On the other hand, for results on gender or race prediction only (Table 3 from CLIP paper), accuracy is not exactly the same but close. On race prediction I get 59.2% (CLIP reports 58.3%), on gender prediction I get 96.2% (CLIP reports 95.9%).
The setup they had feels anyway weird to me, I am not sure why crime-related classes are added to the existing (gender/race) classes and we ask the classifier to choose between gender/race and crime-relate classes, I think it should be more like multi-label classification. Maybe retrieving images from FairFace with crime-related prompts with a certain threshold distance, then just plot the distribution of race/gender ?
On the other hand, for results on gender or race prediction only (Table 3 from CLIP paper), accuracy is not exactly the same but close.

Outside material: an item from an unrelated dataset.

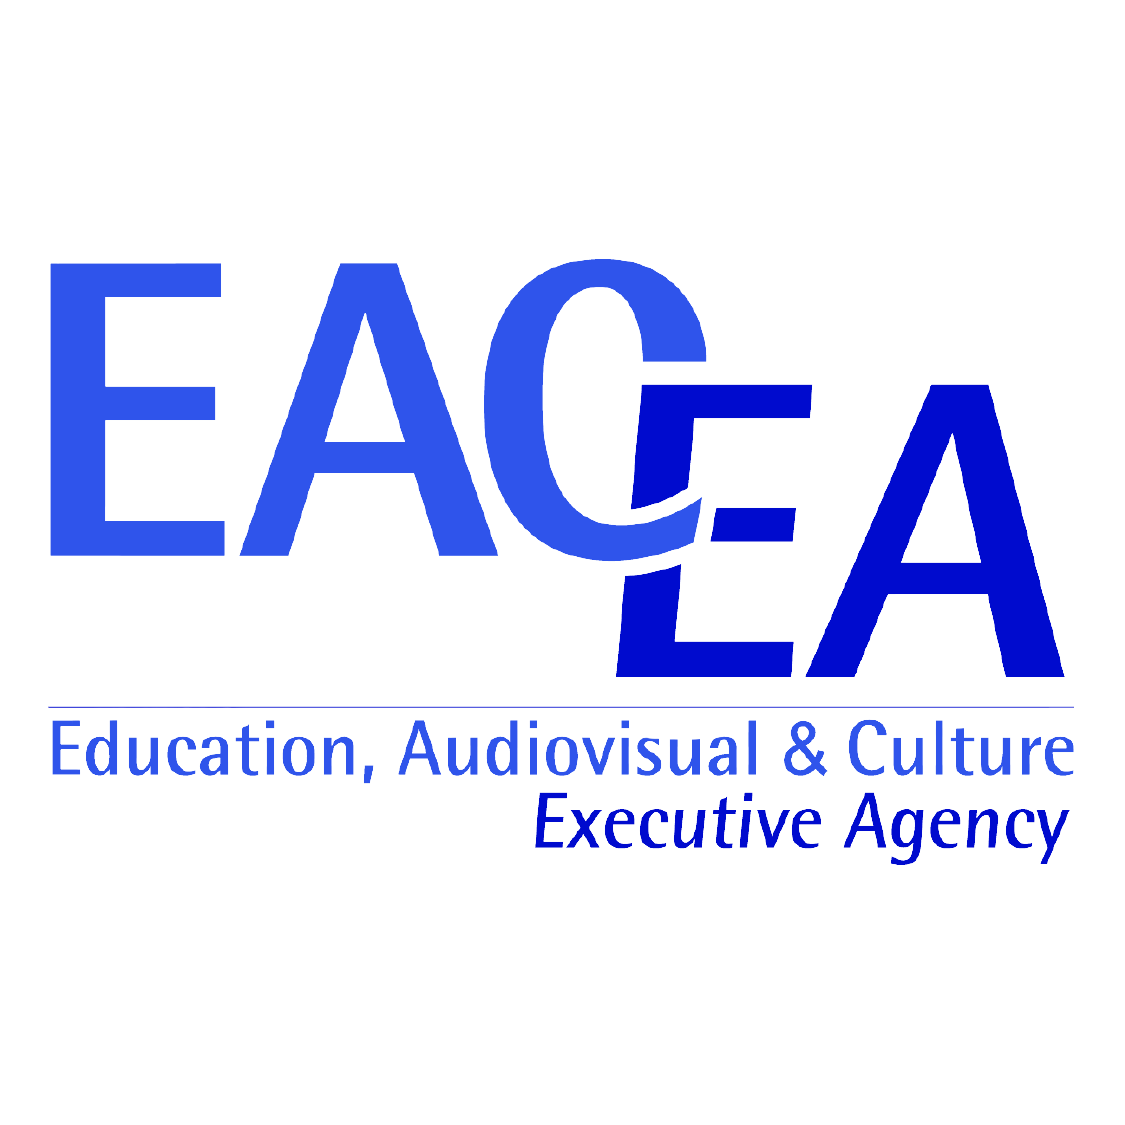 Eacea Logo

On race prediction I get 59.2% (CLIP reports 58.3%), on gender prediction I get 96.2% (CLIP reports 95.9%).
Hello @mehdidc, how are you?
I'm trying to replicate these results using the notebook but to no avail, could you share some details on how you did it?
Here is a snippet of how I was trying to achieve this:
fface_df = pd.read_csv("./data/fairface/fface_val.csv")
fface_df.drop(columns=['service_test'], inplace=True)
fface_df['race_labels'] = fairface_labels
fface_df['race_preds'] = predictions
white_df = fface_df[fface_df['race'] == 'White']
non_white_df = fface_df[fface_df['race'] != 'White']
print("** FairFace dataset validation split 0.25 **")
print("Race accuracy of 'White' race images: ")
print(round(accuracy_score(white_df['race_labels'], white_df['race_preds']), 4))
print("Race accuracy of all other races grouped as 'Non-White':")
print(round(accuracy_score(non_white_df['race_labels'], non_white_df['race_preds']), 4))
could be good to have some fairness related datasets, e.g., from https://arxiv.org/abs/2108.02818. curious how LAION CLIP compares to OAI CLIP.